Lombardo L, Wierusz W, Toscano D, Lapenta R, Kaplan A, Siciliani G - Prog Orthod (2013)

Bottom Line: The effect of various factors, namely bracket/base width, slot size, inter-bracket distance, and first- (ΘcI) and second-order (ΘcII) critical contact angles were evaluated and compared.The maximum force necessary to displace NiTi wires of two different diameters (0.012, 0.014) was measured, using both elastic and metal ligatures with conventional brackets.The frictional force necessary to displace the wires increased as the diameter of the wire increased in all tested brackets (p<0.01).
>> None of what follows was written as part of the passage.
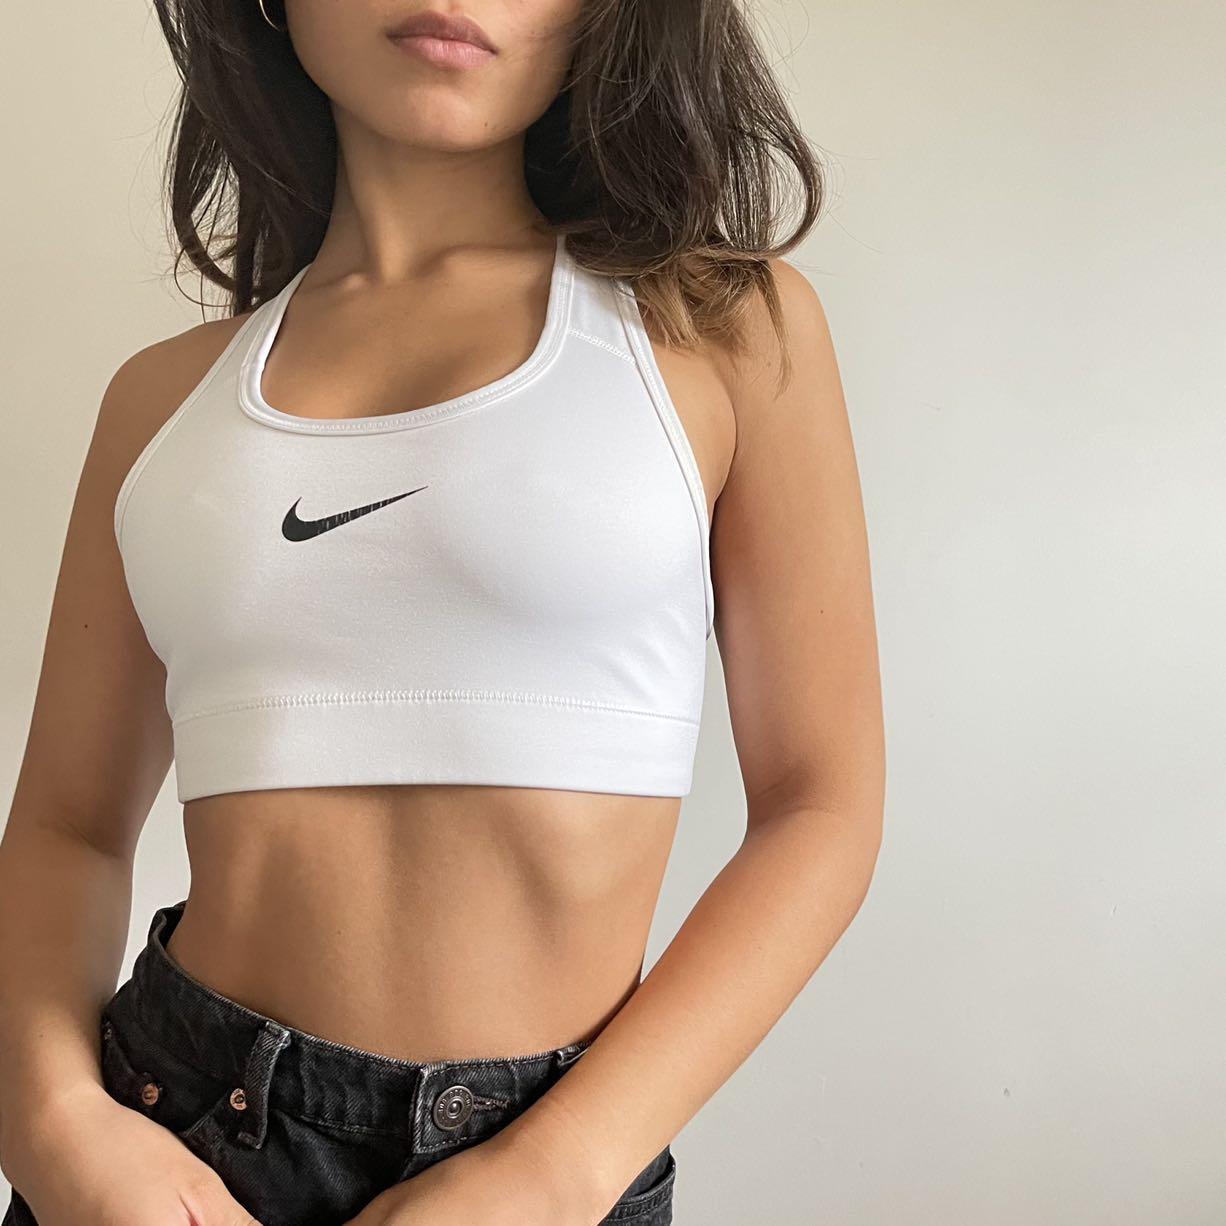 Nike white sports bra, Women's Fashion, New Undergarments

View Article: PubMed Central - PubMed

Affiliation: Postgraduate School of Orthodontics, University of Ferrara, Ferrara, Italy. lulombardo@tiscali.it.

ABSTRACT

Background: Although much has been written on the implications of friction generated between orthodontic archwires and labial brackets, information on lingual brackets is still limited. Hence, we set out to investigate the frictional resistance exerted by different lingual and labial brackets, including both conventional and self-ligating designs. The effect of various factors, namely bracket/base width, slot size, inter-bracket distance, and first- (ΘcI) and second-order (ΘcII) critical contact angles were evaluated and compared.
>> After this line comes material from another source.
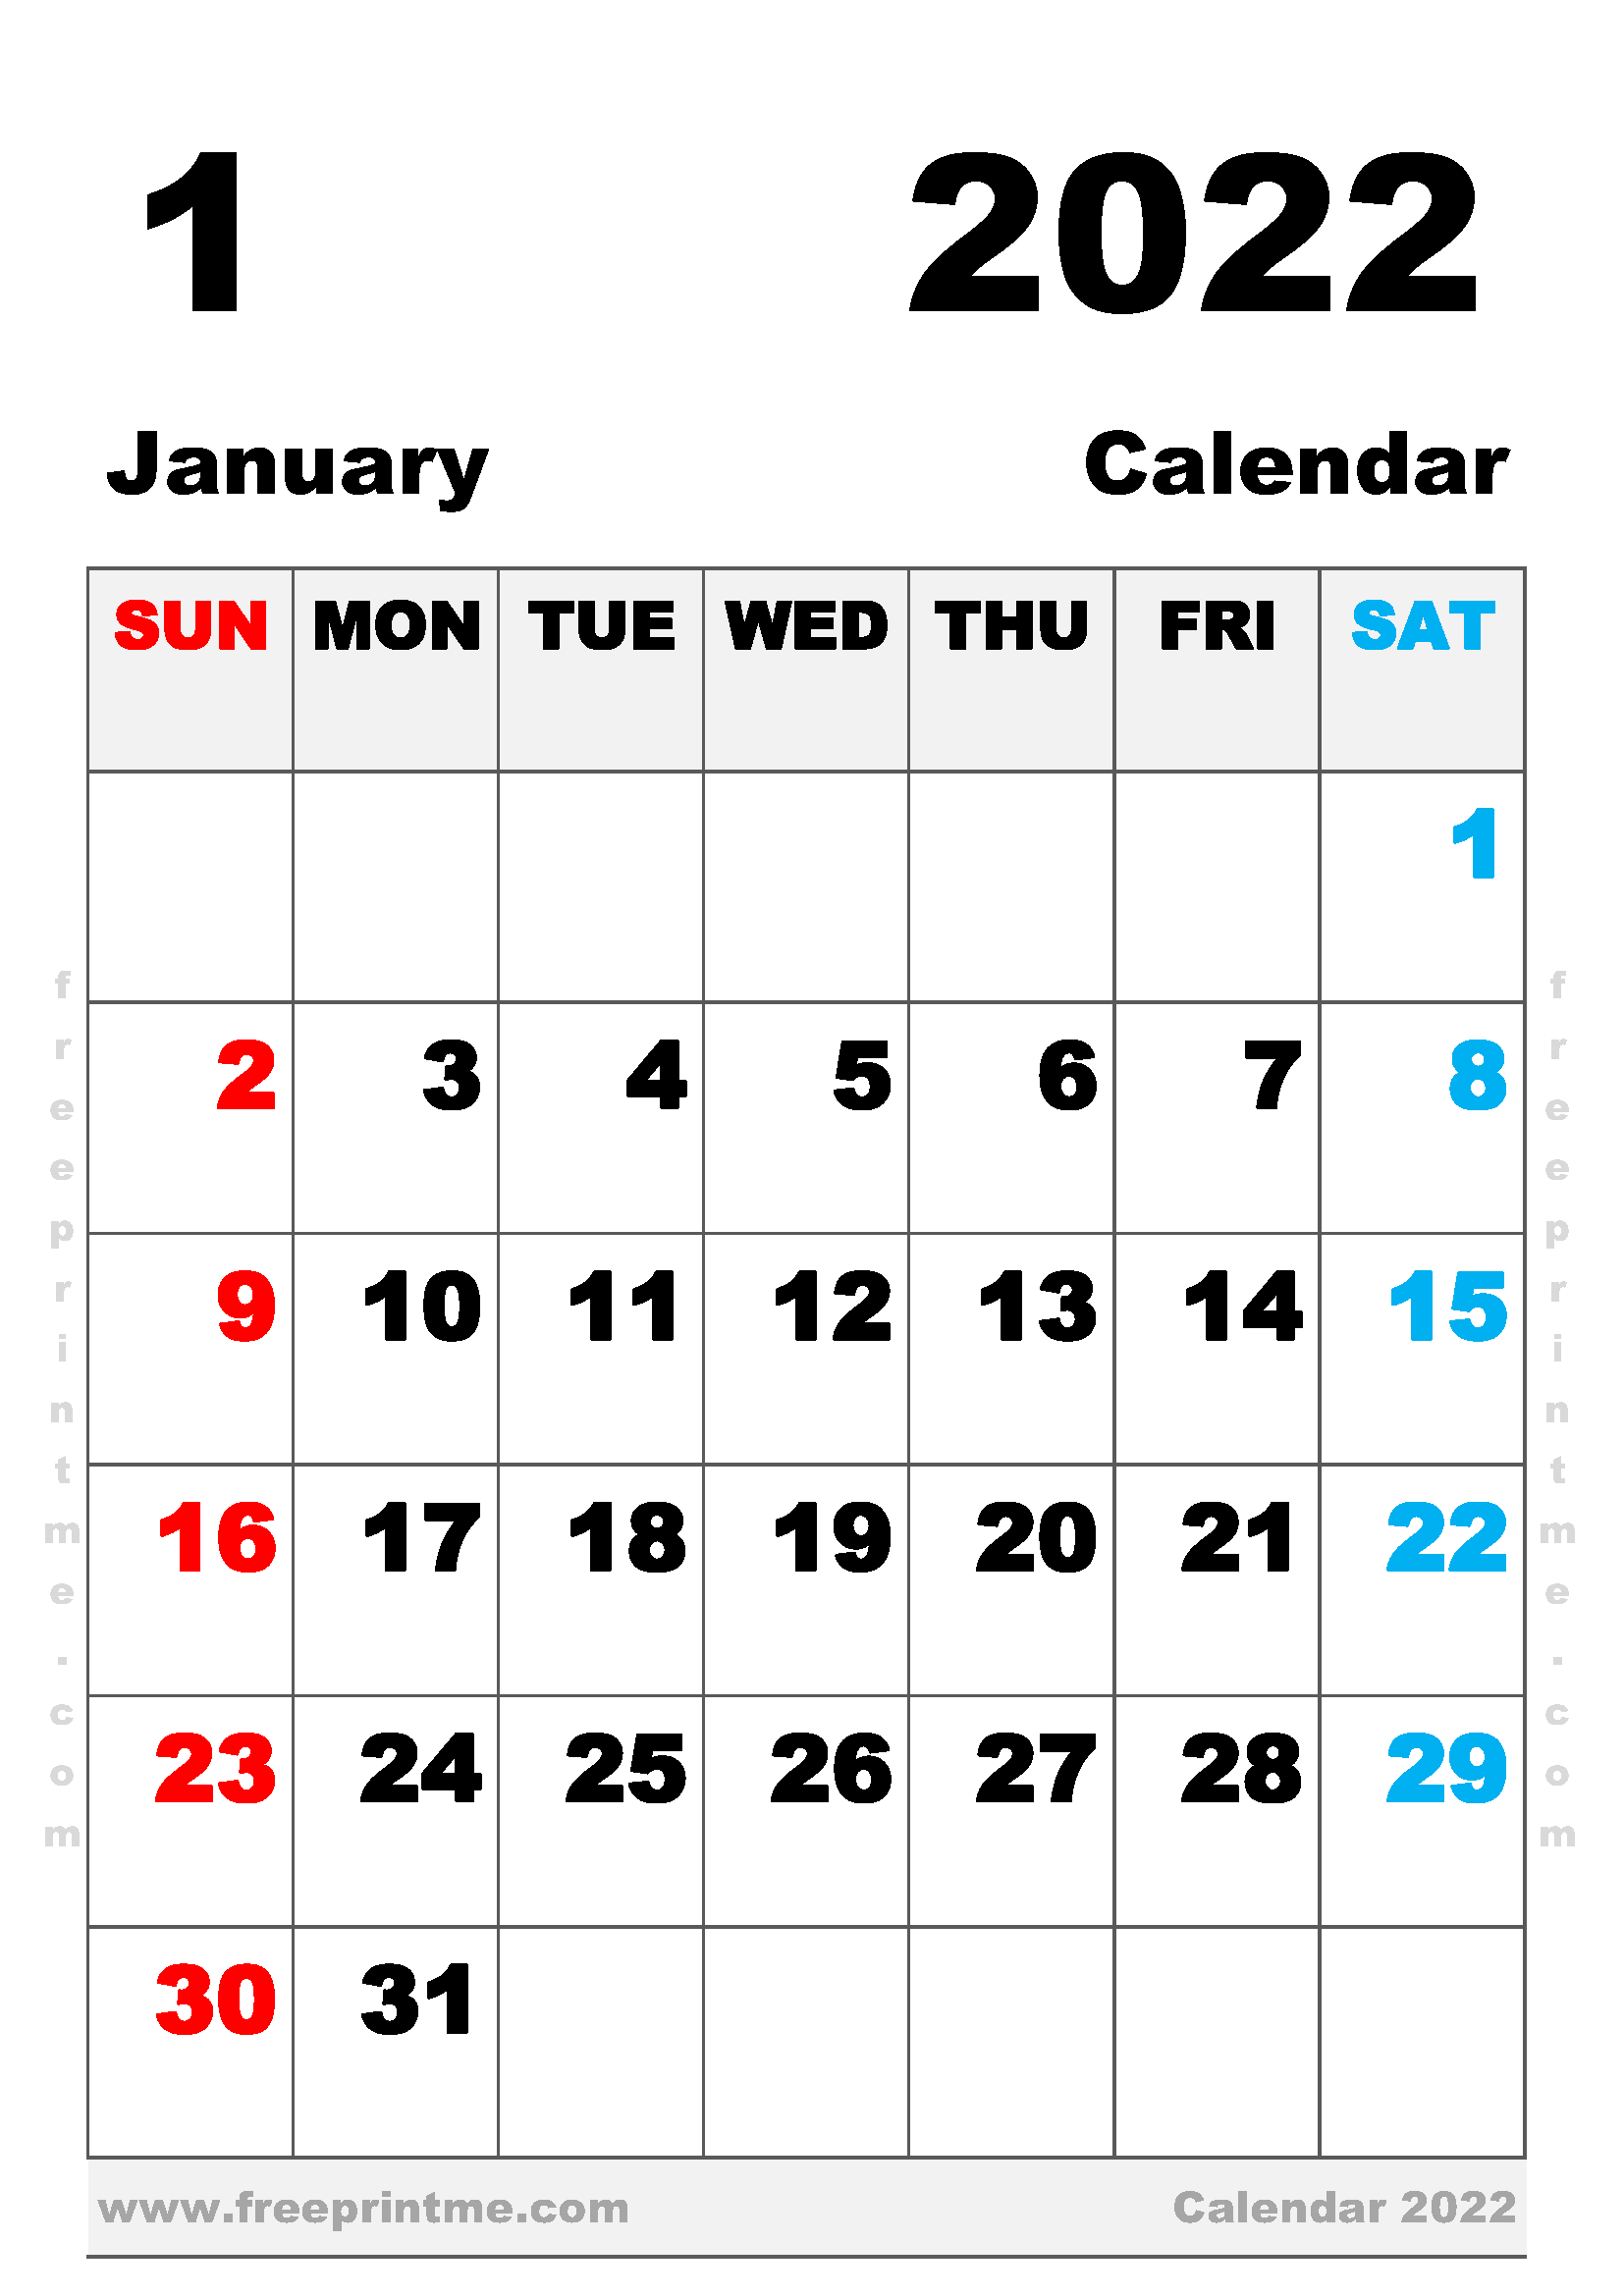 Free January 2022 Calendar Free Printable January 2022 Calendar A4

Methods: A plaster model of a pretreatment oral cavity was replicated to provide 18 (9 upper and 9 lower) identical versions. The anterior segments of each were taken, and the canine and lateral and central incisors were mounted with either lingual (7th Generation, STb, New STb, In-Ovation L, ORJ) or labial (Mini-Mono, Mini Diamond, G&H Ceramic) brackets. Mechanical friction tests were performed on each type of bracket using a universal testing machine. The maximum force necessary to displace NiTi wires of two different diameters (0.012, 0.014) was measured, using both elastic and metal ligatures with conventional brackets.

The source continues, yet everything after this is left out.